I am using C++ on Linux, but if it differs by language, I would like to understand that as well.
Actually, it depends on the value and the implementation. The C++ standard (draft n3126) has this to say in 2.14.4 Floating literals:
If the scaled value is in the range of representable values for its type, the result is the scaled value if representable, else the larger or smaller representable value nearest the scaled value, chosen in an implementation-defined manner.
In other words, if the value is exactly representable (and 1 is, in IEEE754, as is 100 in your static cast), you get the value. Otherwise (such as with 0.1) you get an implementation-defined close match (a).

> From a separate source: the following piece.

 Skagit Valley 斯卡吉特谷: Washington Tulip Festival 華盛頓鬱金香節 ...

Now I'd be very worried about an implementation that chose a different close match based on the same input token but it is possible.

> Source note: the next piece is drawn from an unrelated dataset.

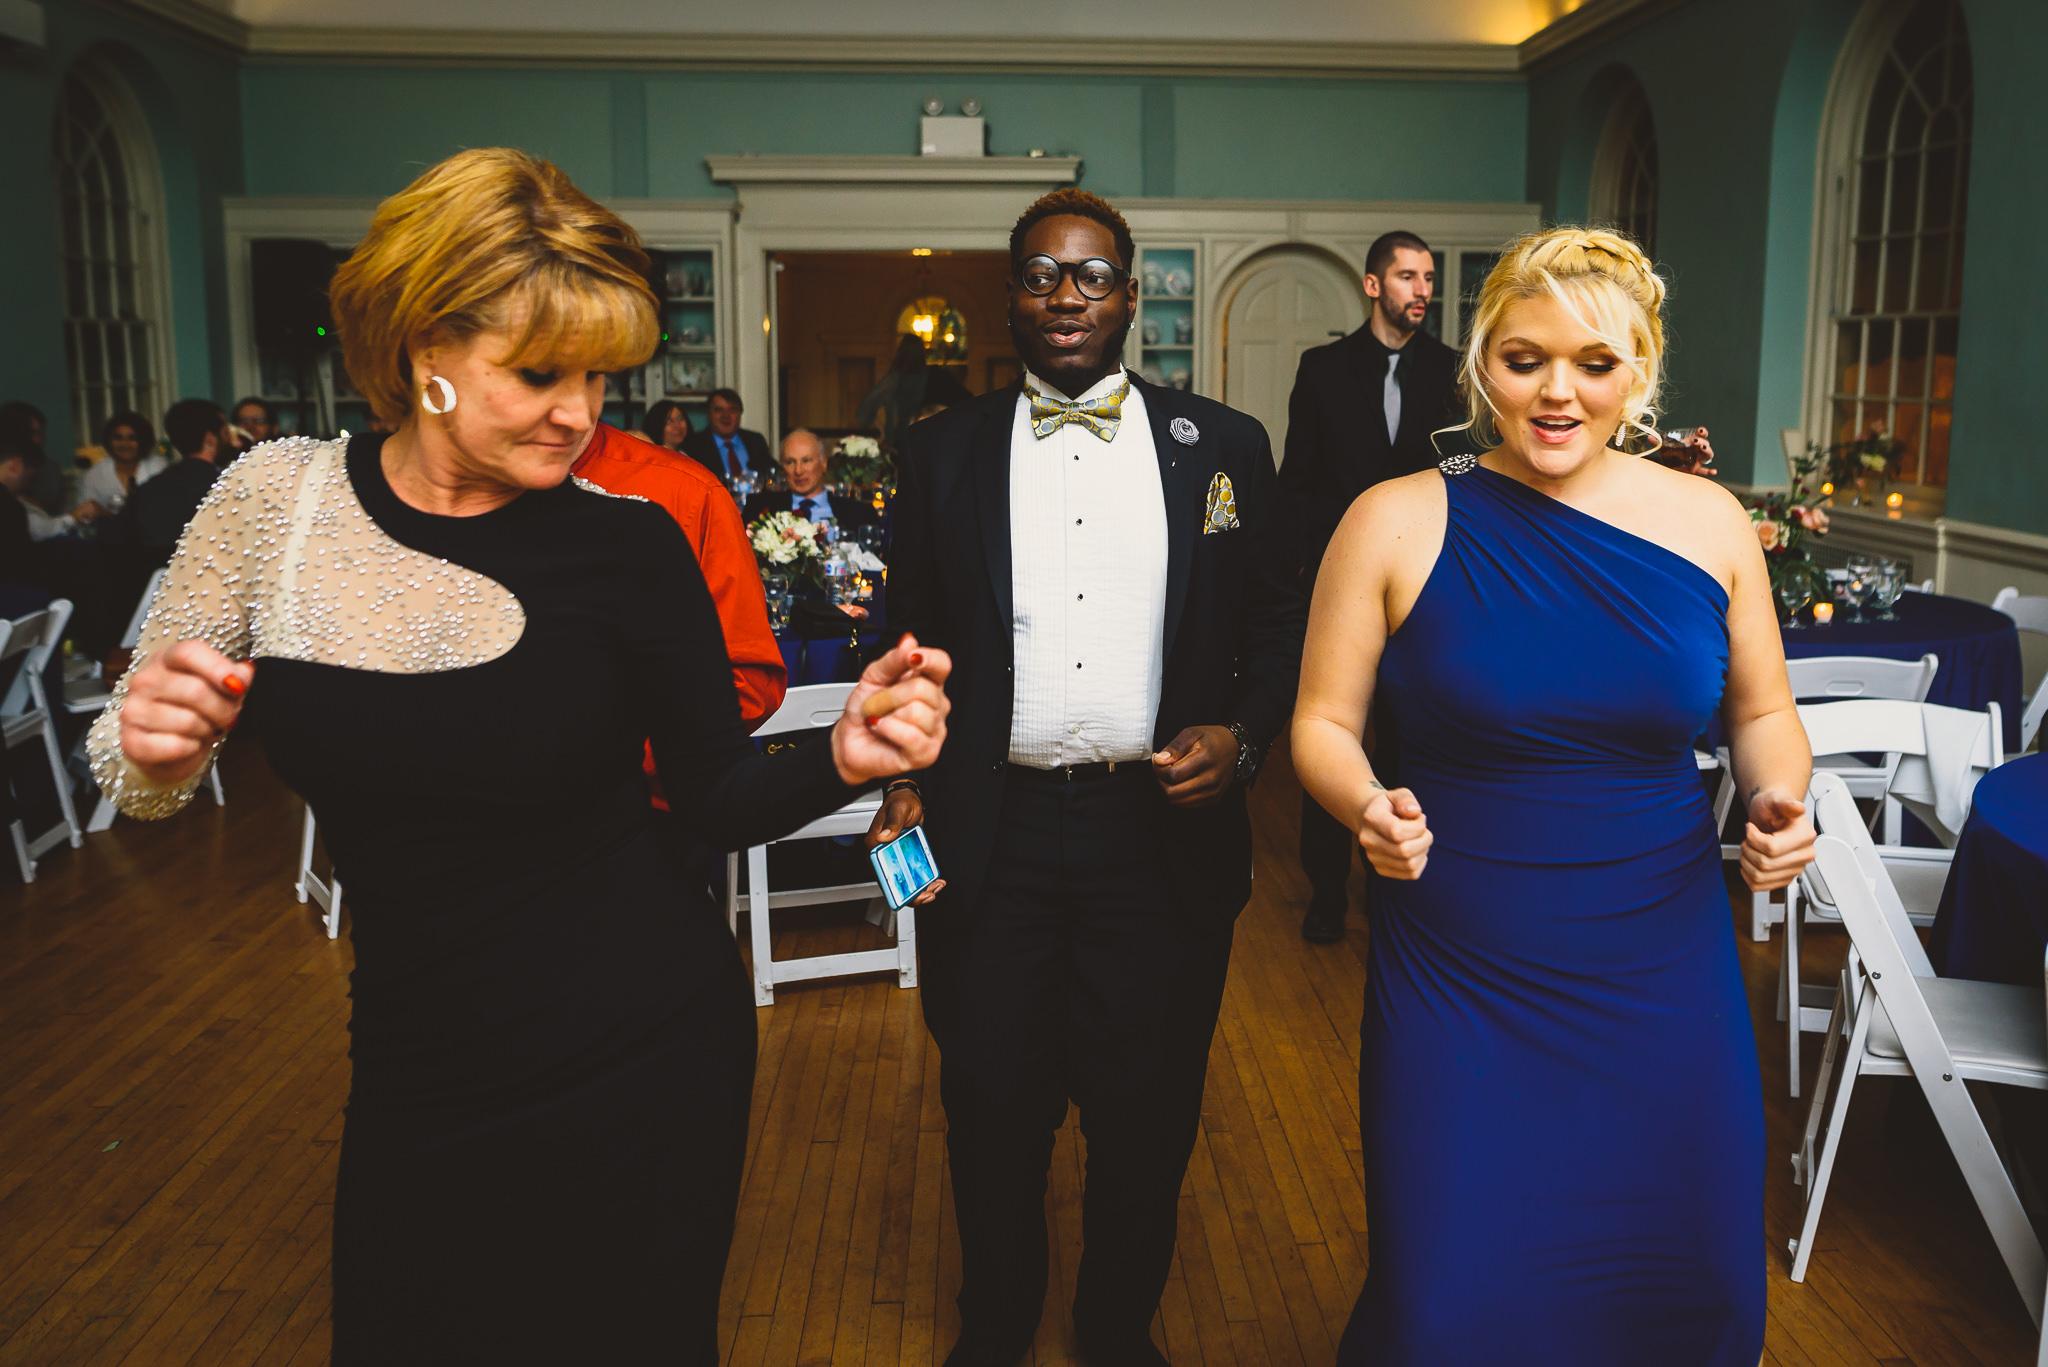 Colonial_Dames_Society_Wedding-0084.jpg

(a) Actually, that paragraph can be read in two ways, either the implementation is free to choose either the closest higher or closest lower value regardless of which is actually the closest, or it must choose the closest to the desired value.
If the latter, it doesn't change this answer however since all you have to do is hardcode a floating point value exactly at the midpoint of two representable types and the implementation is once again free to choose either.
For example, it might alternate between the next higher and next lower for the same reason banker's rounding is applied - to reduce the cumulative errors.
No if you assign literals they should be the same :)
Also if you start with the same value and do the same operations, they should be the same.
Floating point values are non-exact, but the operations should produce consistent results :)
Both cases are ultimately subject to implementation defined representations.
Storage of floating point values and their representations take on may forms - load by address or constant? optimized out by fast math? what is the register width? is it stored in an SSE register? Many variations exist.
If you need precise behavior and portability, do not rely on this implementation defined behavior.
IEEE-754, which is a standard common implementations of floating point numbers abide to, requires floating-point operations to produce a result that is the nearest representable value to an infinitely-precise result. Thus the only imprecision that you will face is rounding after each operation you perform, as well as propagation of rounding errors from the operations performed earlier in the chain. Floats are not per se inexact. And by the way, epsilon can and should be computed, you can consult any numerics book on that.
Floating point numbers can represent integers precisely up to the length of their mantissa. So for example if you cast from an int to a double, it will always be exact, but for casting into into a float, it will no longer be exact for very large integers.
There is one major example of extensive usage of floating point numbers as a substitute for integers, it's the LUA scripting language, which has no integer built-in type, and floating-point numbers are used extensively for logic and flow control etc. The performance and storage penalty from using floating-point numbers turns out to be smaller than the penalty of resolving multiple types at run time and makes the implementation lighter. LUA has been extensively used not only on PC, but also on game consoles.
Now, many compilers have an optional switch that disables IEEE-754 compatibility. Then compromises are made. Denormalized numbers (very very small numbers where the exponent has reached smallest possible value) are often treated as zero, and approximations in implementation of power, logarithm, sqrt, and 1/(x^2) can be made, but addition/subtraction, comparison and multiplication should retain their properties for numbers which can be exactly represented.
The easy answer: For constants == is ok.
There are two exceptions which you should be aware of:
First exception:
0.0 == -0.0
There is a negative zero which compares equal for the IEEE 754 standard. This means
1/INFINITY == 1/-INFINITY which breaks f(x) == f(y) => x == y
Second exception:
NaN != NaN
This is a special caveat of NotaNumber which allows to find out if a number is a NaN
on systems which do not have a test function available (Yes, that happens).